Wat zijn de vijf primaire voedingsmodi?
De vijf primaire voedingsmodi die door organismen worden gebruikt, zijn vloeistofvoeding, filtervoeding, bulkvoeding, afzettingsvoeding en fagocytose, in ruwe volgorde van overeenstemming. Het is heel moeilijk om een voedingsmethode te vinden die niet past in een van deze voedingsmodi, hoewel er veel subcategorieën binnen elk zijn.
Vloeistofvoeding, de zeldzaamste voedingsmodi, bestaat uit het zuigen van de vloeistoffen uit een andere plant of dier. Net als alle andere primaire voedingsmodi, wordt het gebruikt door herbivoren, carnivoren en omnivoren. Sommige bekende vloeistofvoeders zijn kolibries, bladluizen, spinnen, teken, bloedzuigers, vampiervleermuizen en muggen. Omdat veel filtervoeders zich voeden met bloed, zijn ze niet populair bij mensen en andere gerichte zoogdieren. Sommigen voeden zich alleen met de vloeistoffen van insecten of planten.
Filtervoeding is de voedingsmodus die wordt gevonden onder sponzen, maanjellies, krill, mysiden, drie soorten haaien en vele vinvisiesoorten, zoals de Baleenwalvis. Van alle voedingsmodi, tHij is misschien een van de gemakkelijkste: in plaats van roofzuchtige of precisie -actie te vereisen, legt de filtervoeder gewoon zijn filters bloot - die veel verschillende vormen aannemen - en zeen ze via voedseldeeltjes. Het succes van een van de eenvoudigste dieren, sponzen, is een bewijs van de kracht van filtervoeding.
Een voedingsmodus die veel vaker voorkomt dan de vorige twee, en de overheersende modus voor de meeste organismen die ons bekend zijn, is bulkvoeding. Bulkvoeding bestaat uit het consumeren van brokken of het hele lichaam van andere dieren of planten. De meeste zoogdieren, vogels, vissen en reptielen zijn bulkvoeders, meestal consumeren planten, maar soms ook andere dieren. Carnivoren zijn speciaal gespecialiseerd in het jagen, doden en eten van andere dieren. Sommige dieren, zoals mensen, zijn alomtegenwoordig en eten zowel planten als andere dieren.

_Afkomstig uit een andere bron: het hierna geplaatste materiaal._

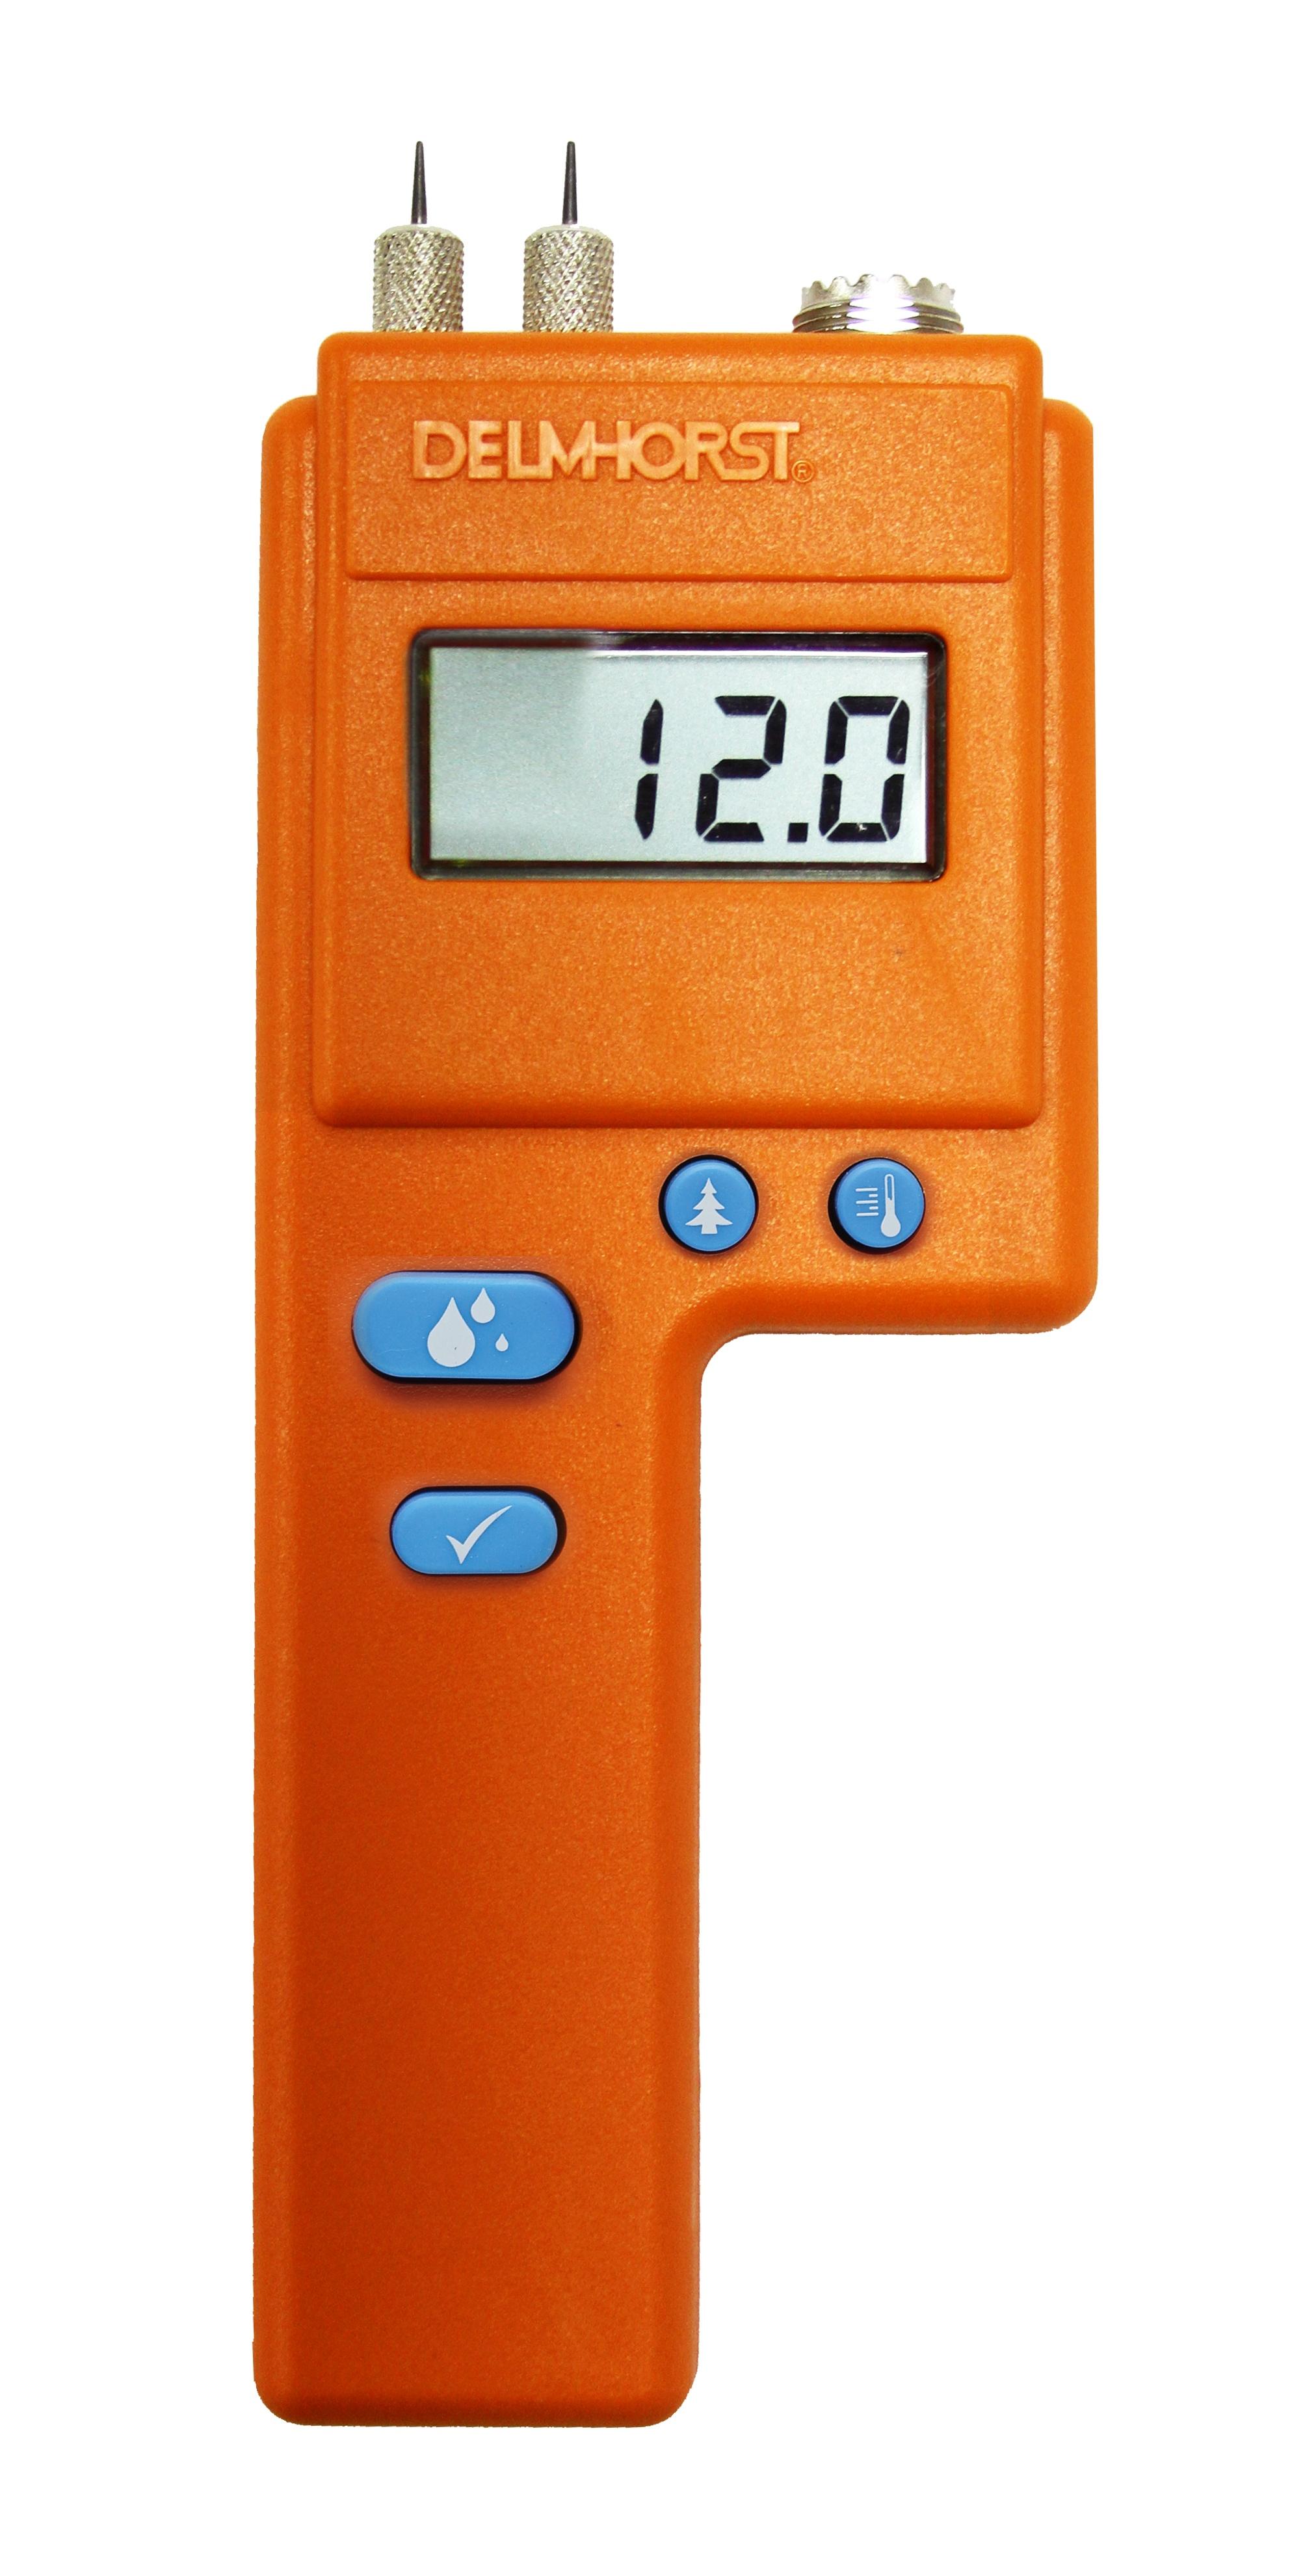 J-2000-1 Moisture Meter

depositevoeding bestaat uit het consumeren van voedseldeeltjes in de bodem. OmdatZe consumeren meestal detritus, de meeste depositoevoeders zijn detrivoren. Een enorm scala aan terrestrische geleedpotigen, waaronder vele kevers en mijten, zijn depositoevoeders. De regenworm kan het archetypische voorbeeld zijn van een depositoevoeder, omdat het grote hoeveelheden grond verbruikt en een integraal onderdeel speelt van het afbreken van dode plantenmaterie in humus. Het wordt als vaker voorkomt dan bulkvoeding vanwege het enorme aantal en de diversiteit van bodemorganismen die bestaan.

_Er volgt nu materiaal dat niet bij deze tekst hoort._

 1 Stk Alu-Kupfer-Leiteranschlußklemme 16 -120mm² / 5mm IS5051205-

Fagocytose is de voedingsmodus die het populairst is bij veel eencellige organismen, zoals amoeba. Het bestaat uit een cel die een andere cel volledig omhult en deze verteert met behulp van een lysosoom. De fagocyten in het menselijke immuunsysteem gebruiken fagocytose om indringers zoals bacteriën te consumeren. De meeste heterotrofe (niet-fotosynthetiserende) uncellulaire organismen gebruiken fagocytose als een manier om voedsel te krijgen.